U.S. Secretary of State Antony Blinken arrived in Kyiv today. The unannounced visit comes less than a month after Congress passed a $60 billion aid package for Ukraine. Blinken is expected to meet with Ukrainian President Volodymyr Zelenskyy and emphasize Washington's commitment to Ukraine as Russia steps up its attacks. Ukrainian troops are struggling to repel a new Russian offensive along the northeastern border.

  • NPR's Joanna Kakississ says emergency workers attempting to evacuate civilians from these areas have described the situation as "scary and chaotic." Thousands of civilians have fled the area, which means Ukraine is now moving troops to the northeastern front — and it doesn't have troops to spare


Michael Cohen, the key prosecution witness in Trump's hush-money case, will undergo cross-examination today as he returns to the stand in New York. Cohen, formerly Trump's personal lawyer, confirmed two key details on the stand yesterday: That the former president knew about the $130,000 settlement negotiation to keep adult film star Stormy Daniels from revealing an alleged affair and that he directed Cohen to make that payment because of the 2016 election.

  • Trump's lawyers will likely highlight Cohen as a convicted liar to debunk his testimony today. In 2018, he pleaded guilty to campaign finance violations and lying to tax authorities, and later for lying to Congress during the Russia investigation. "That's a lot of lying, and I'm sure the defense will make hay of that today," NPR's Andrea Bernstein tells Morning Edition.

Life advice

/ Cha Pornea for NPR
/
Cha Pornea for NPR

How often do you rely on your GPS to get you where you need to go? I couldn't find my way out of a paper bag without GPS. People with no sense of direction like me can change, though. Plus, people who have a good internal compass may have a deeper connection to the world around them, according to neuroscience professor Hugo Spiers. Try some of this advice to boost your navigation skills:

  • Turn off your GPS and get lost on purpose. This will help you get comfortable moving around in the world without a map.
  • Use landmarks — ideally ones that are large and far away — to orient yourself.
  • Understand how your city is laid out. For example, Washington, D.C., is divided into four quadrants with streets that run north-south, east-west and diagonally.
  • Use your memories of locations as tricks to help you remember where you are. 

Picture show

Slick Rick is known for his eyepatch and the crowns he often wears.
/ Atsuko Tanaka/American Museum of Natural History
/
Atsuko Tanaka/American Museum of Natural History
Slick Rick is known for his eyepatch and the crowns he often wears.

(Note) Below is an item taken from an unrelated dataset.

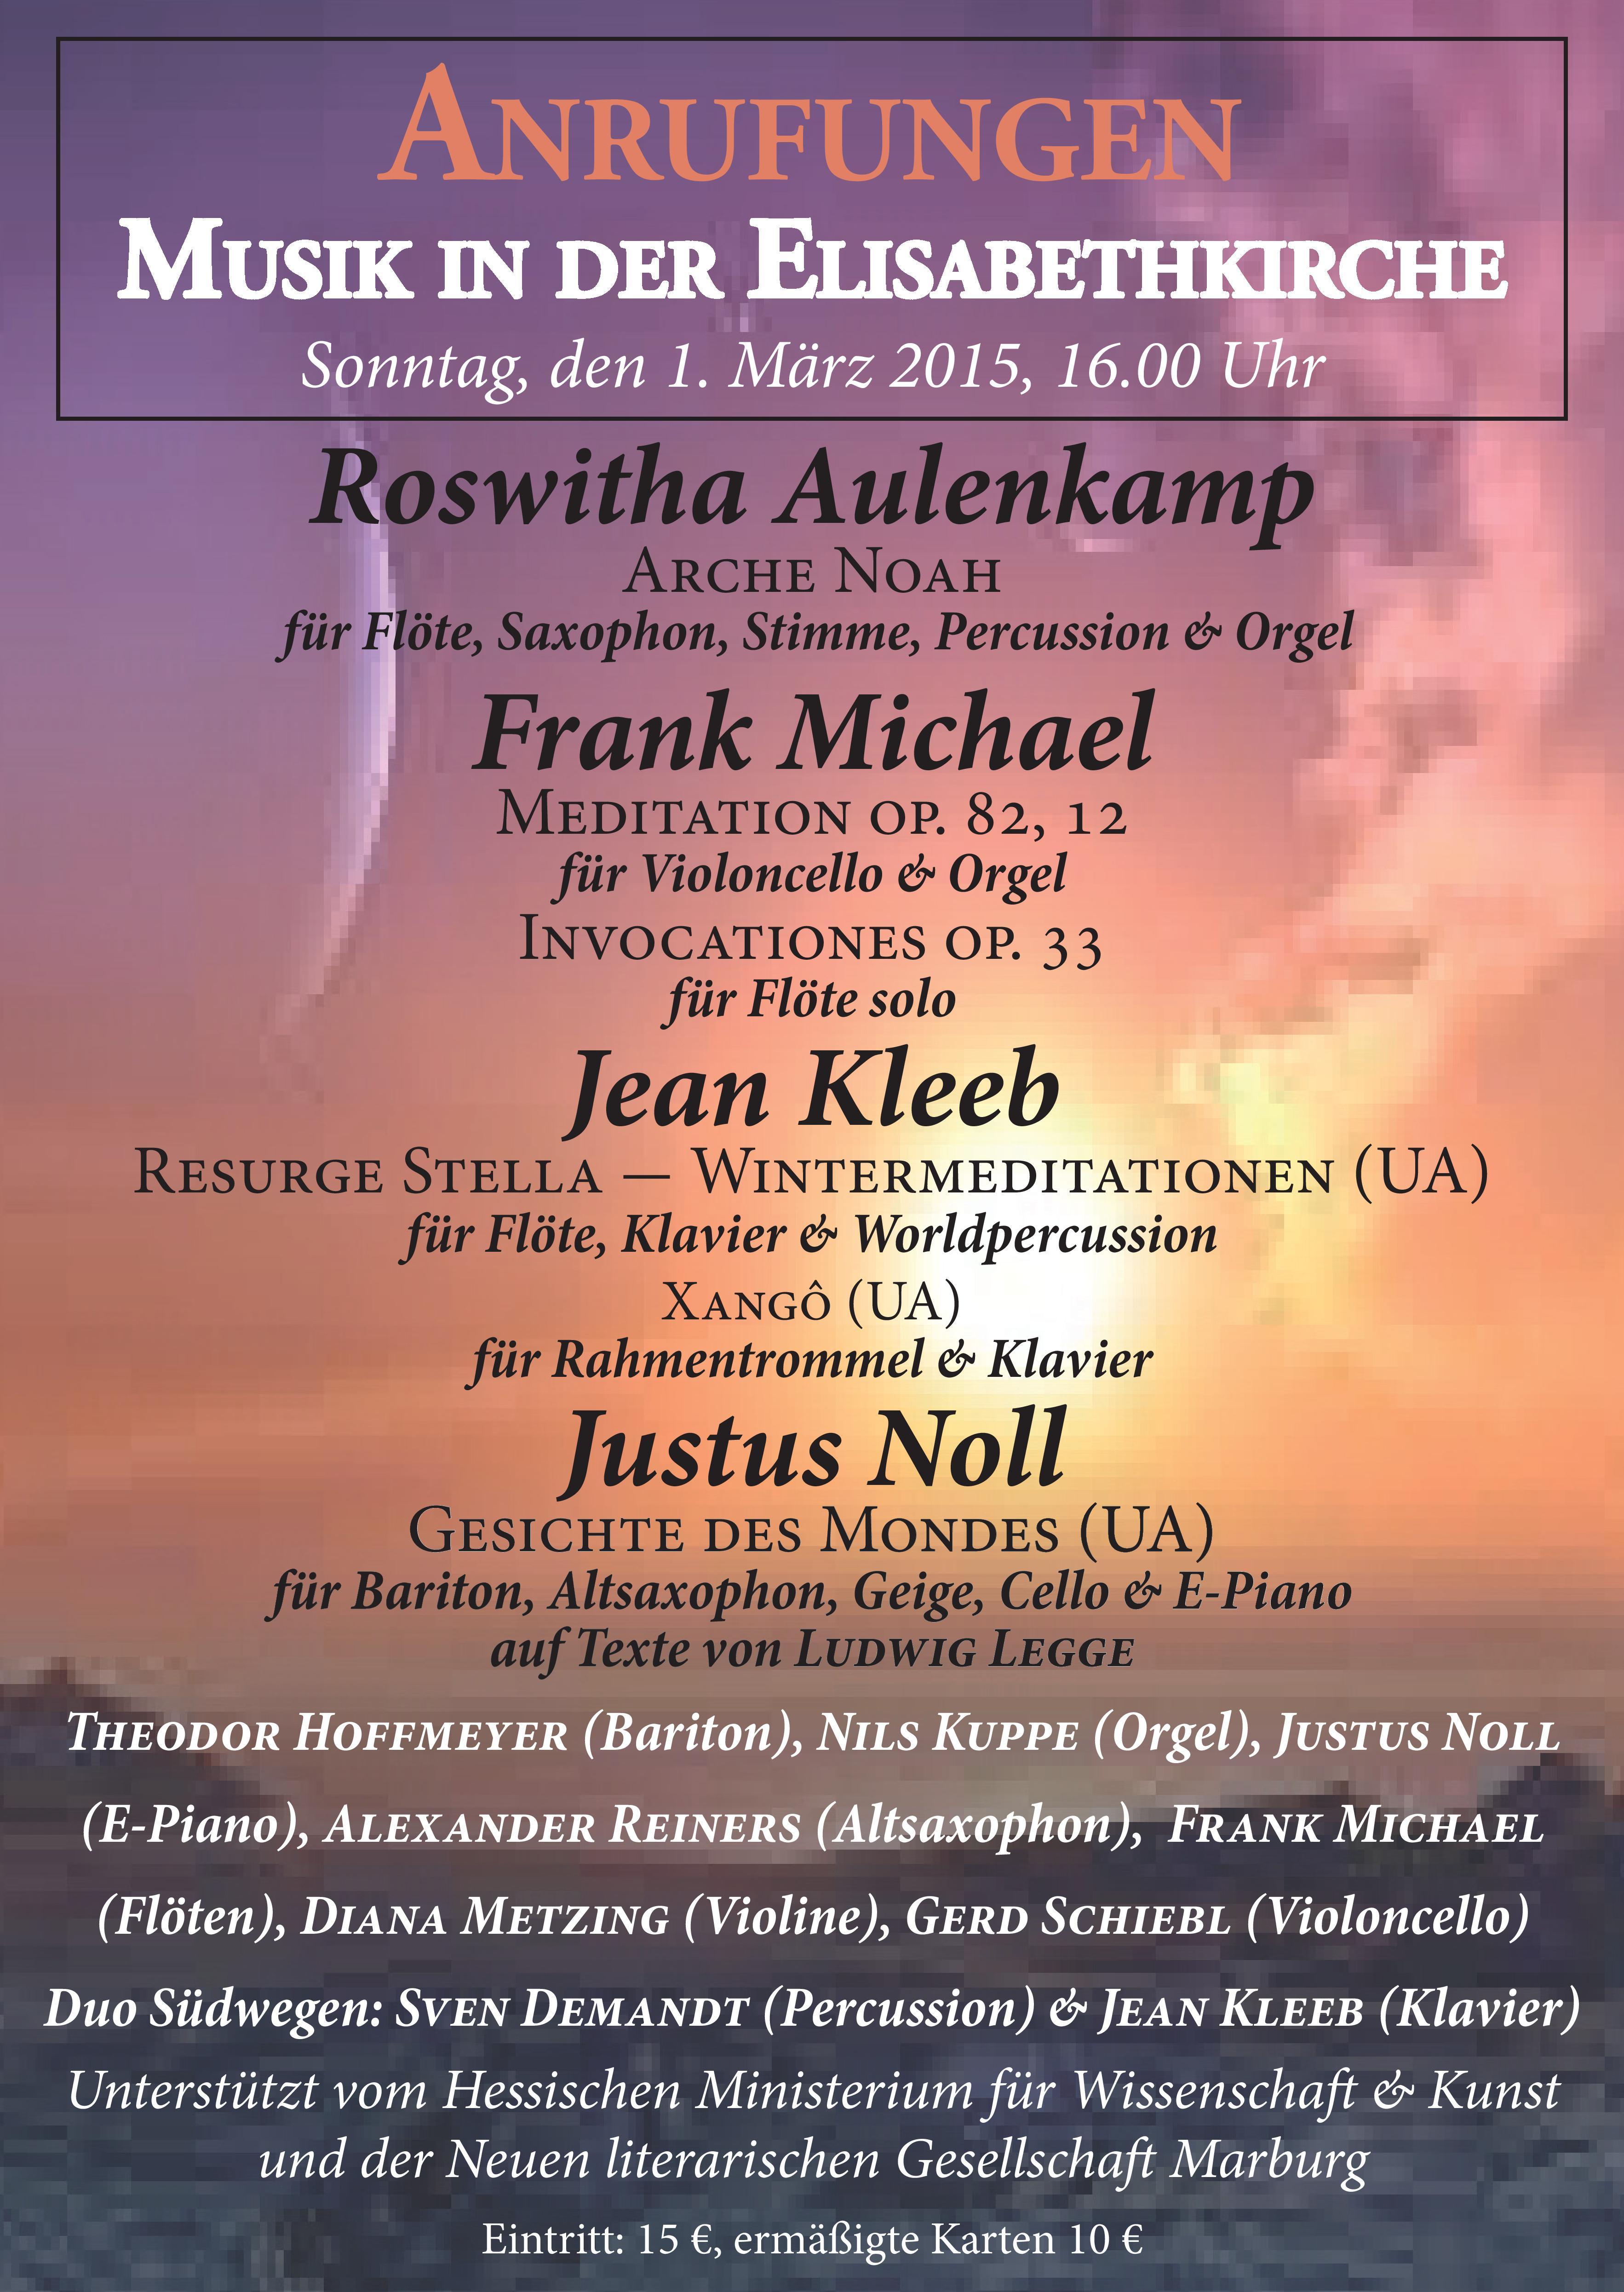 2015-01-11b PlakatA3 Anrufungen-page-001

Flavor Flav's clock. Nicki Minaj's Barbie pendant. Slick Rick's crown and eyepatch. Ghostface Killah's eagle cuff. These famous hip-hop symbols are currently on display at the American Museum of Natural History in New York as part of an exhibit called "Ice Cold: An Exhibition of Hip-Hop Jewelry."

See photos of some of the items on display and read about how hip-hop bling grew up and evolved with the genre.

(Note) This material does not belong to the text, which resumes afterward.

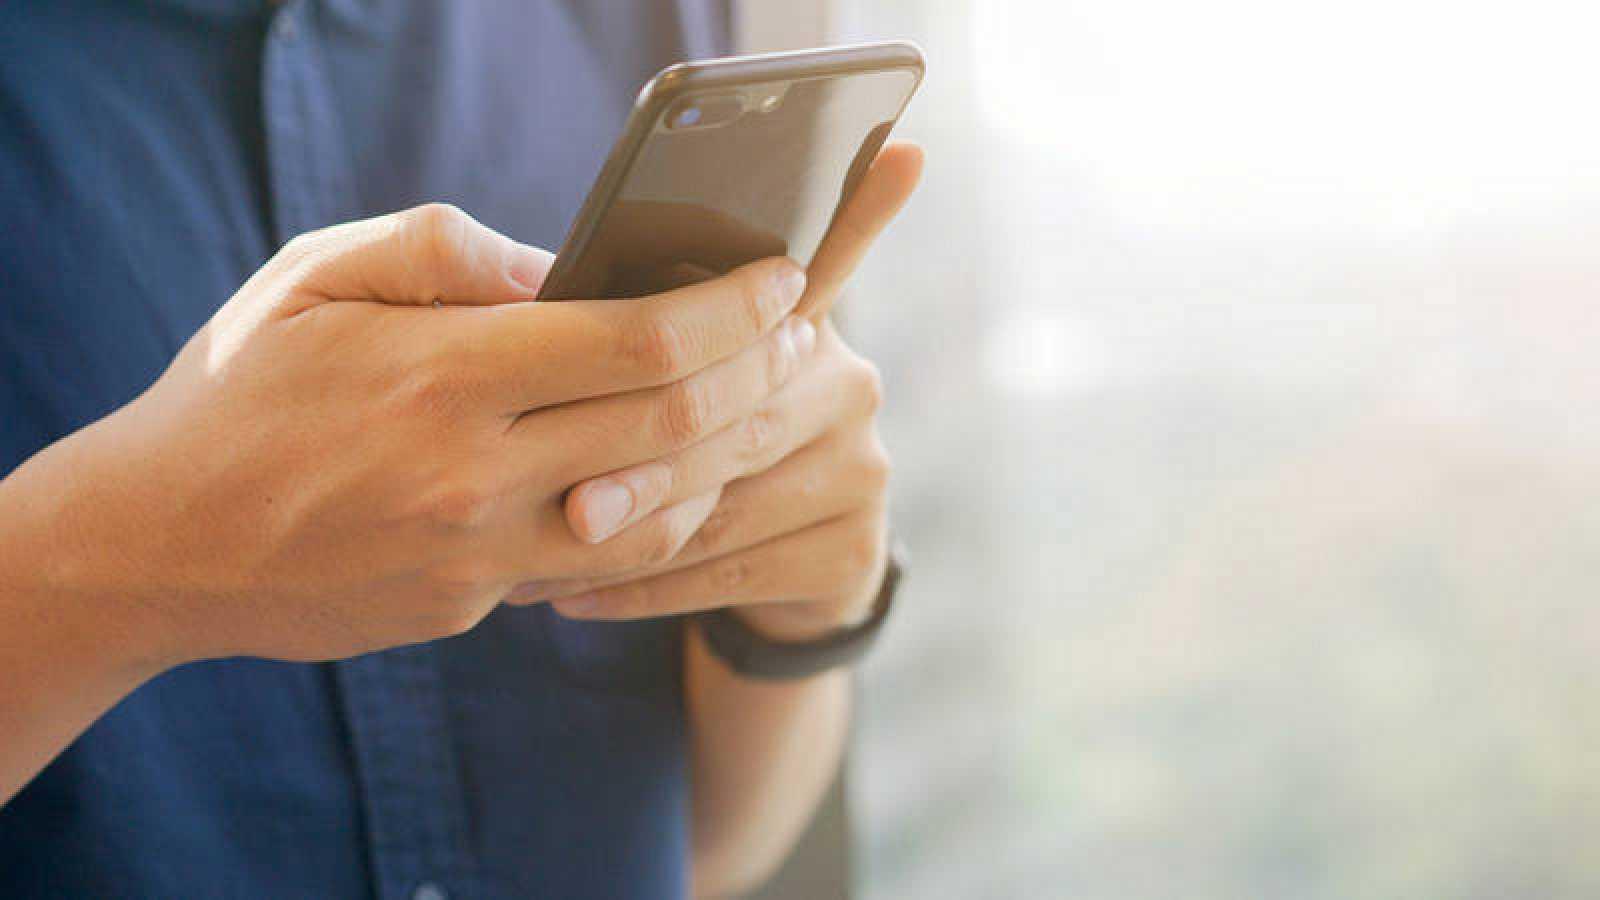 La mayoría de CCAA ha abierto teléfonos específicos para consultas sobre el coronavirus

3 things to know before you go

  1. Steve Burns didn't set out to inspire a generation of children when he auditioned for his role in Blue's Clues. He wasn't even the studio's first choice. Here's how one little girl's enthusiasm changed the course of his life
  2. Federal Aviation Administration regulations require all passengers to be able to evacuate a plane in 90 seconds if needed. A bill in the House would require the agency to reconsider those standards and take into account real-world conditions, like the shrinking size of airplane seats.
  3. Melinda French Gates, one of the world's wealthiest philanthropists, is resigning as co-chair of the Bill & Melinda Gates Foundation. She has helped lead the foundation since its start in 2000.